Rational agency again

In maintaining that ethics could no longer be done entirely a priori, David Brooks apparently sent the philosophy blogsphere into something of a spin.  (Of course, the piece was entitled “The End of Philosophy.”)  Anyway, discussion of that was such fun, I thought I’d draw your attention to another attack on the idea of human rationality, even though I haven’t read the book,  Animal Spirits How Human Psychology Drives the Economy and Why It Matters for Global Capitalism.  From a review:

Akerlof, a Nobel laureate, and Shiller, a good bet to become one, are prominent mainstream economists. They don’t deviate easily from orthodox theory, with its allegiance to the proposition that people are essentially rational, well informed and unemotional in the numerous transactions that shape the economy. But in “Animal Spirits,” they have deviated — and they have done so just as mainstream theory self-destructs.
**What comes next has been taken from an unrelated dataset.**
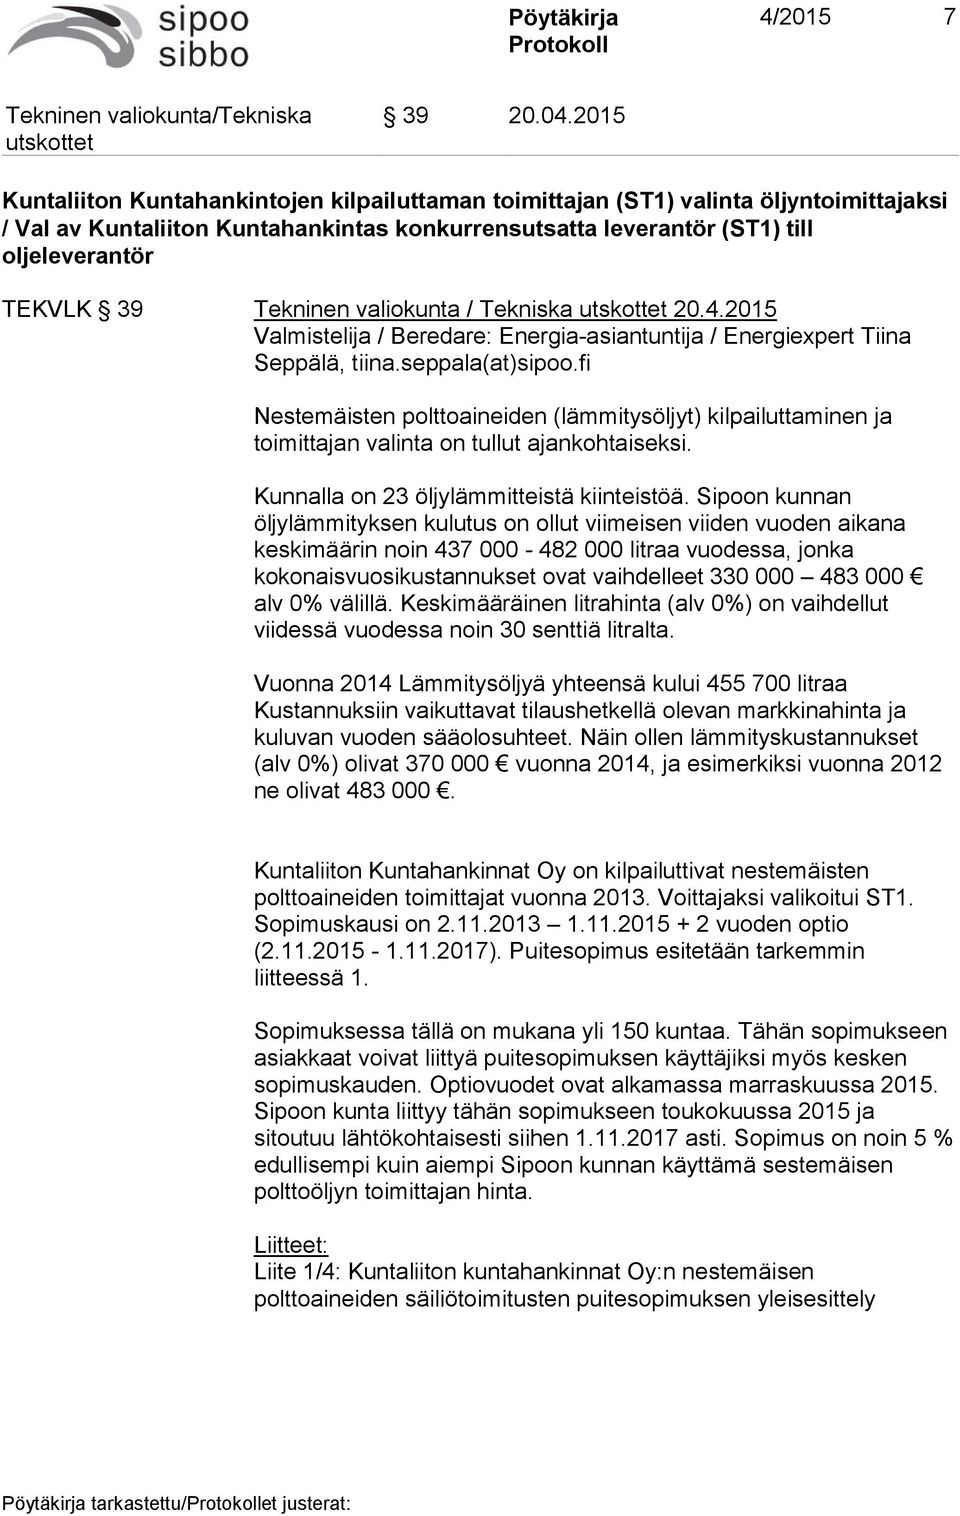 Tekninen valiokunta / Tekniska 20.4.2015 Valmistelija / Beredare: Energia-asiantuntija / Energiexpert Tiina Seppälä, tiina.seppala(at)sipoo.
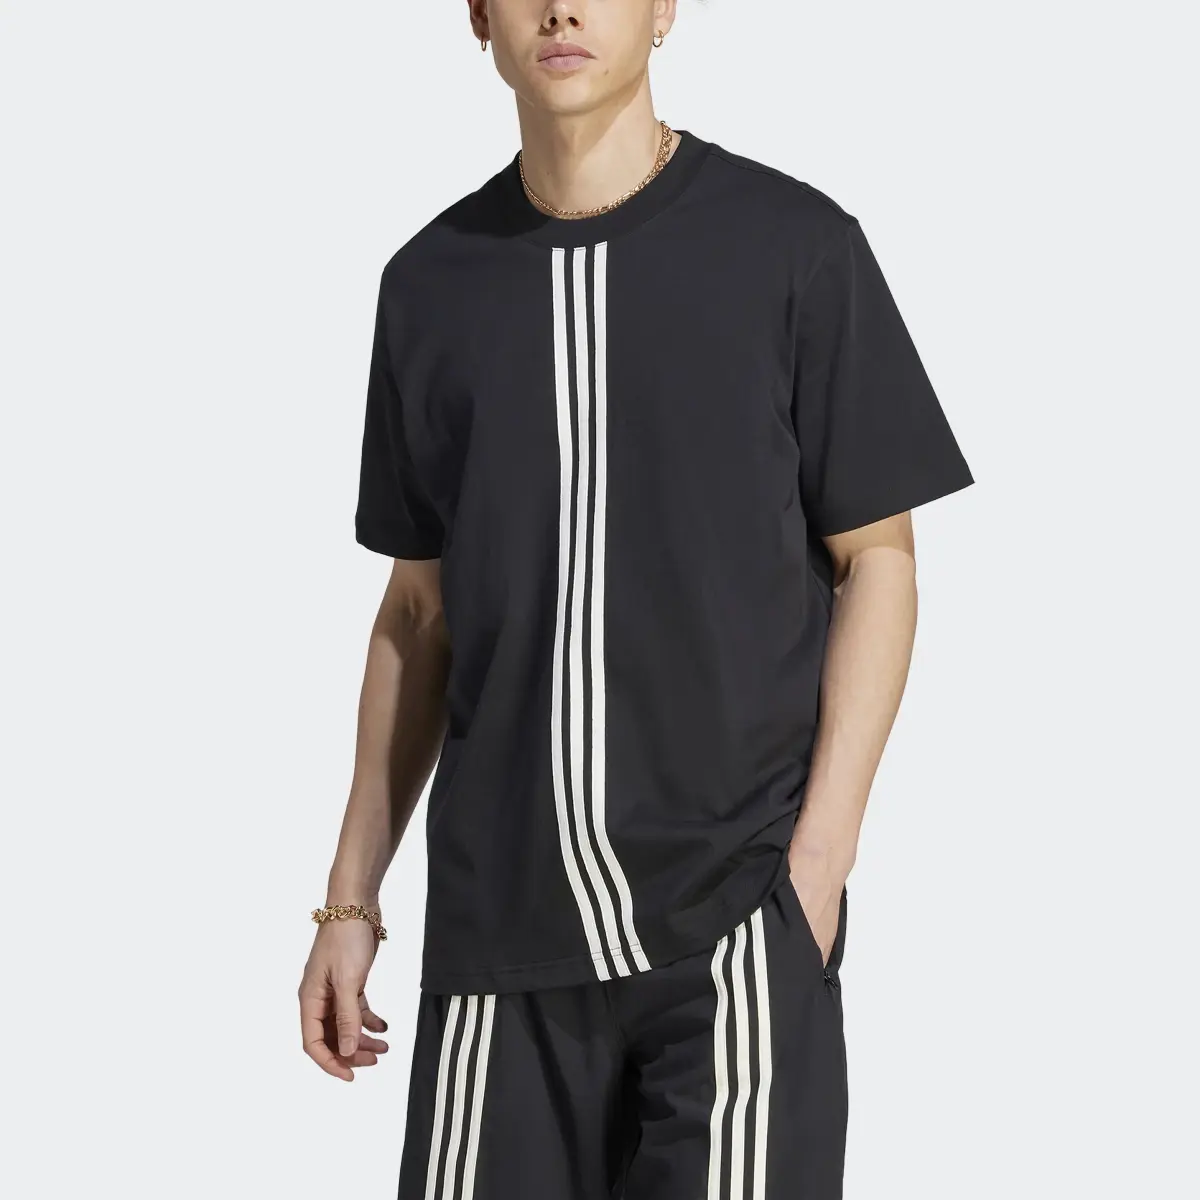 Adidas Koszulka Hack. 1

There was nothing rational, well ­informed or unemotional about the behavior that has all but collapsed the economy. That leaves most of America’s economists without a believable framework for explaining how we got into this mess. Akerlof and Shiller are the first to try to rework economic theory for our times. The effort itself makes their book a milestone. …

…And their book takes their case not just to economists, but also to the general reader. It is short (176 pages of text) and easy enough for laymen to understand (most of the time).

Above all, they challenge the reigning free-market ideology of the past 30 years or so, from the rise of Margaret Thatcher and Ronald Reagan to the abrupt arrival of the present crisis late last year. That ideology held that markets should operate free of government because they were rational. But if animal spirits influence behavior, then government must play a broad, disciplinary role, and do so permanently.  (My stress.)

Keynes apparently saw a lot of this, but the role he gave to animal spirits got written out of economics.  So now we’ve had experiments with a comparatively unregulated market, and even those benefitting up to now should have  some sense something went awfully wrong.  Well, those other than the conservatives on US radio and TV who are now blaming the mess of Obama.

One thought on “Rational agency again

  1. Thanks, jj. I left econ after undergrad (in favor of psychology) because it seemed to build too much upon rational choice models. This looks like exactly the kind of book I want to read.